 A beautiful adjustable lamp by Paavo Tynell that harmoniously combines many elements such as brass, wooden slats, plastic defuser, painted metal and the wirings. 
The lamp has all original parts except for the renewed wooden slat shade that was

==

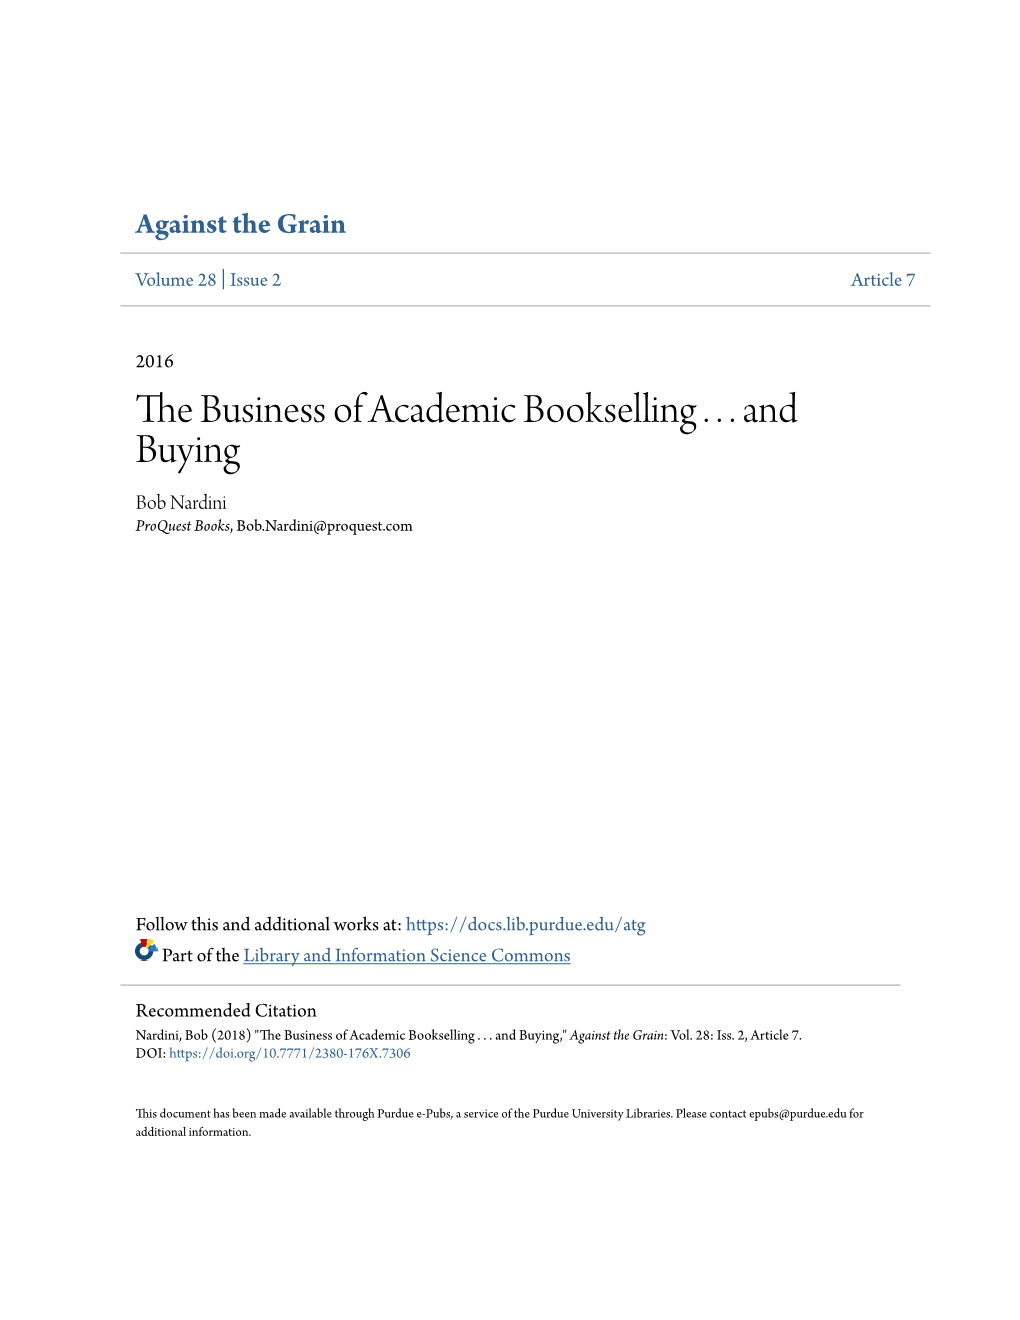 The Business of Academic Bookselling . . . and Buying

* * *

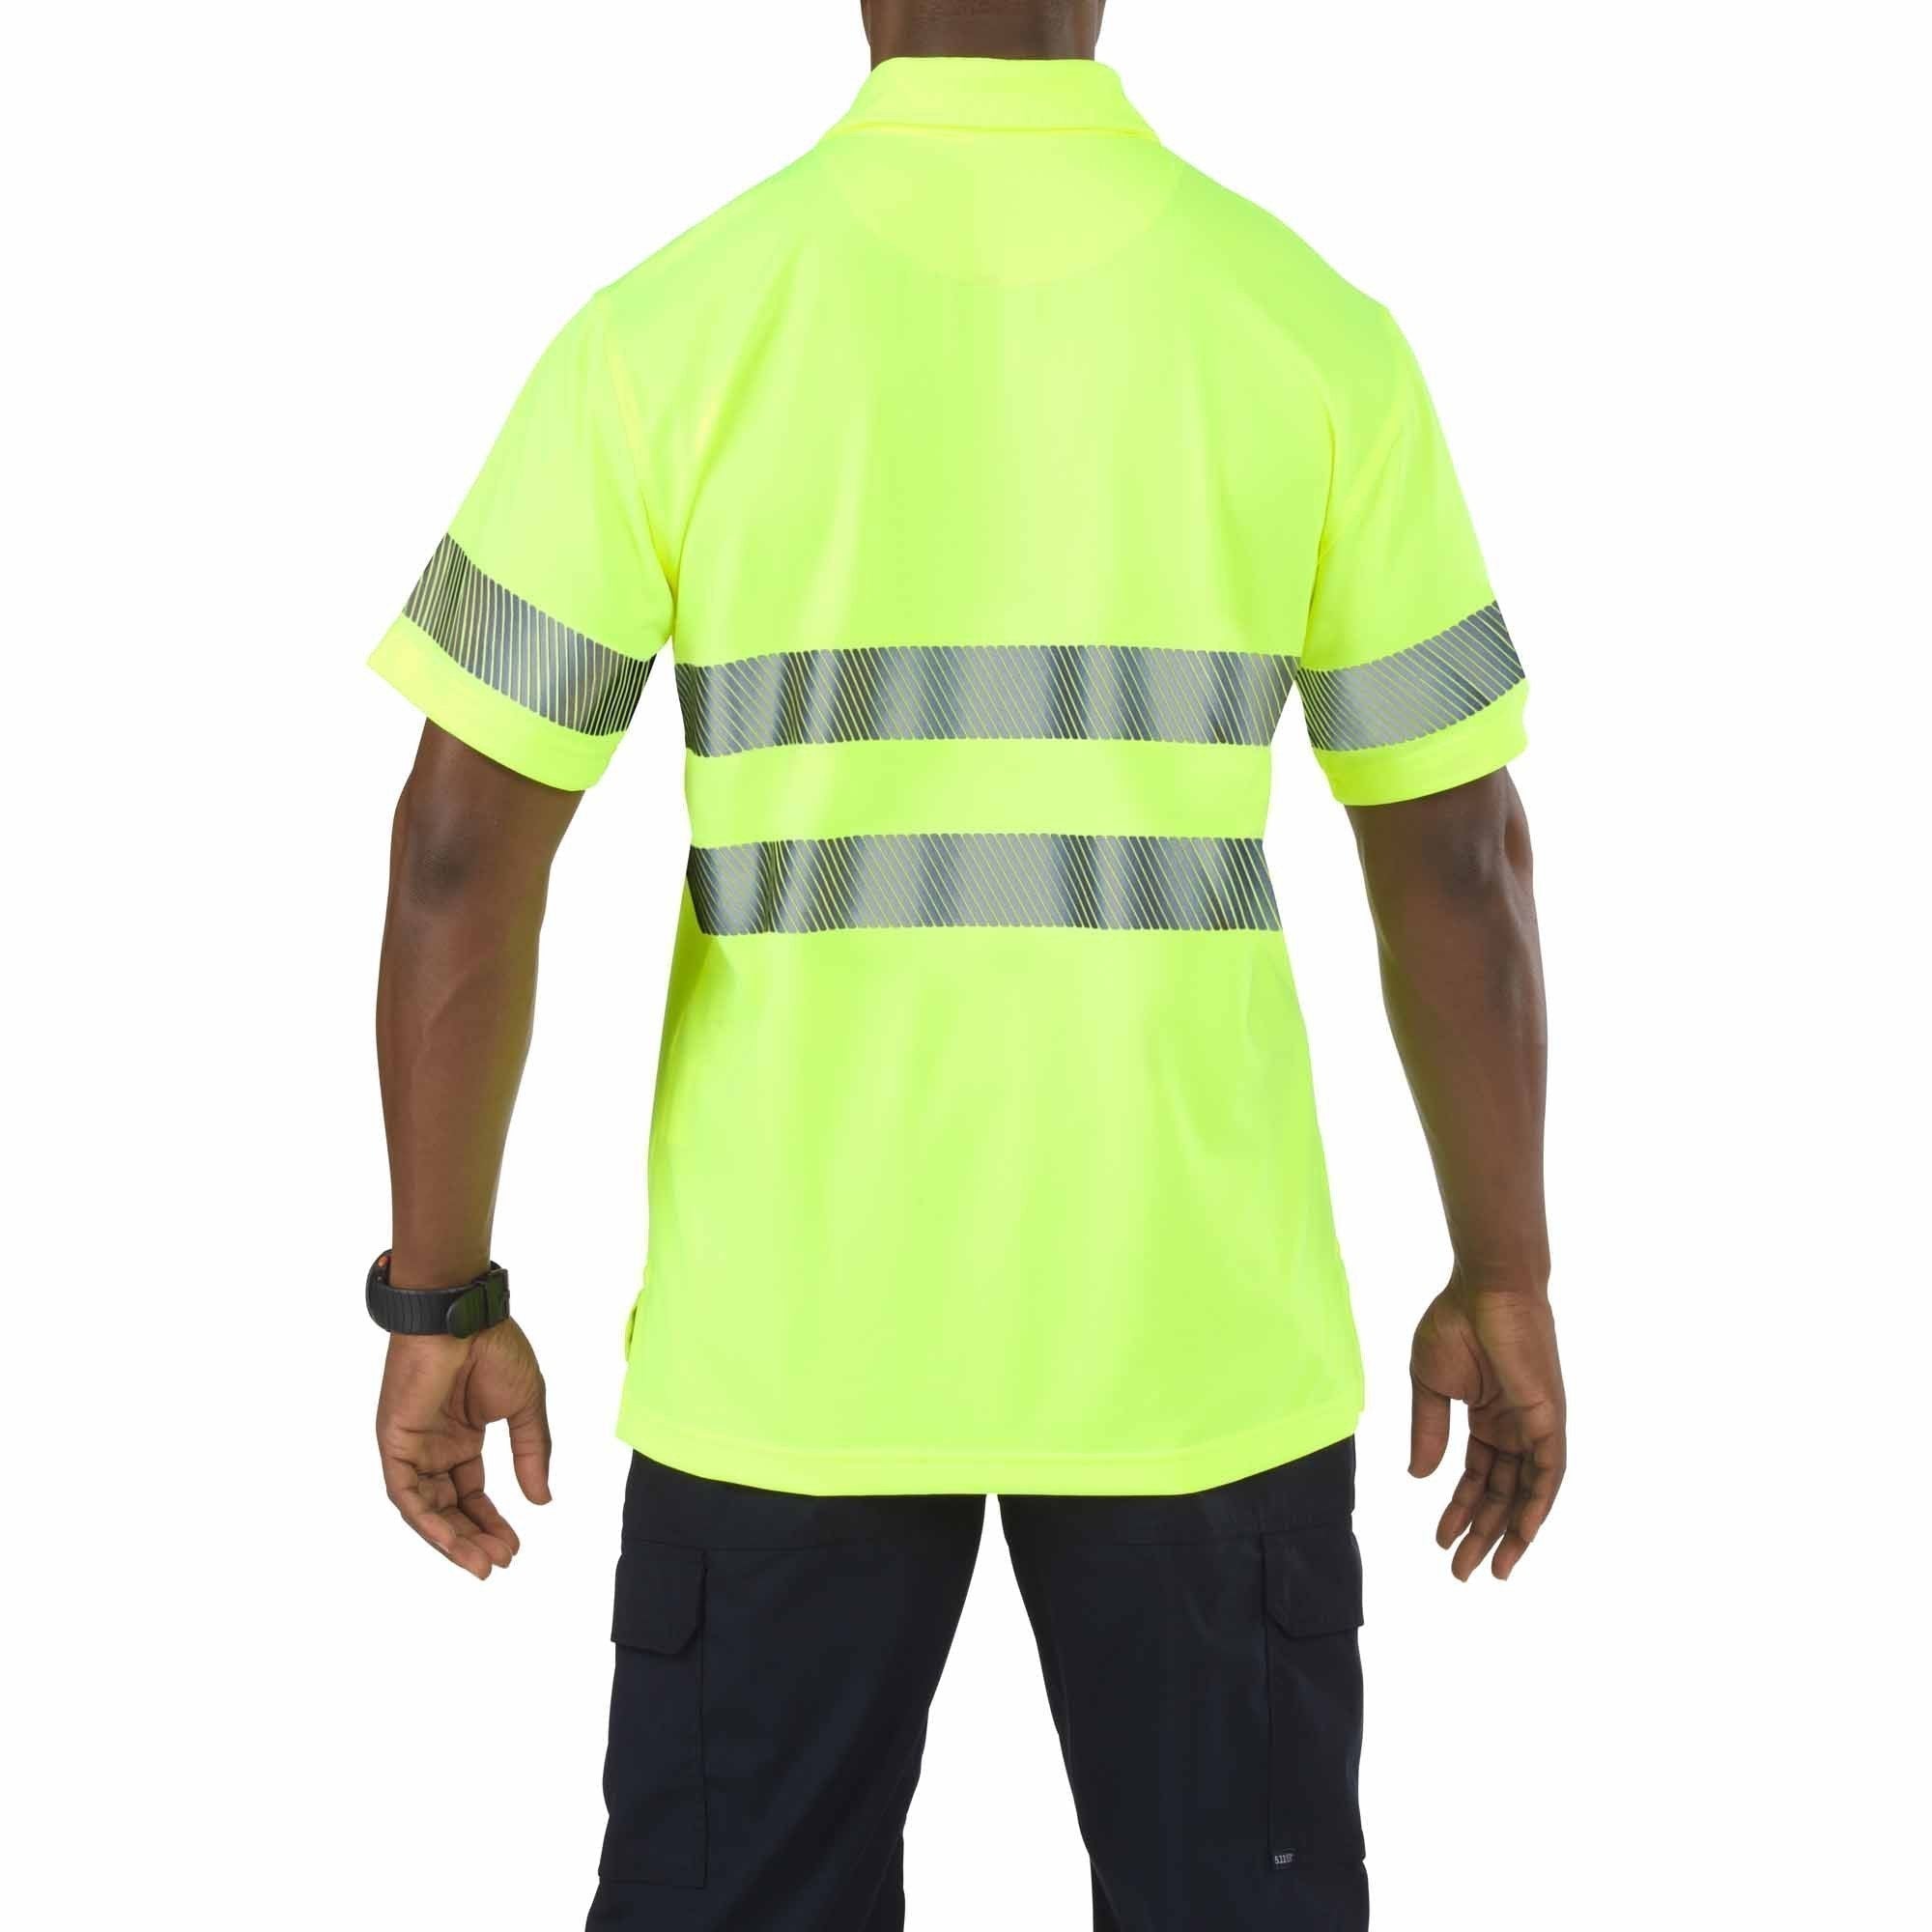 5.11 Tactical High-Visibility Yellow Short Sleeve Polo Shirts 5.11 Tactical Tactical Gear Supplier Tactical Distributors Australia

REQUIRED WORK
Print exactly the lines of the listing above starting at the line containing "A beautiful adjustable" and ending at the line containing "The lamp has", both included.

RESULT
 A beautiful adjustable lamp by Paavo Tynell that harmoniously combines many elements such as brass, wooden slats, plastic defuser, painted metal and the wirings. 
The lamp has all original parts except for the renewed wooden slat shade that was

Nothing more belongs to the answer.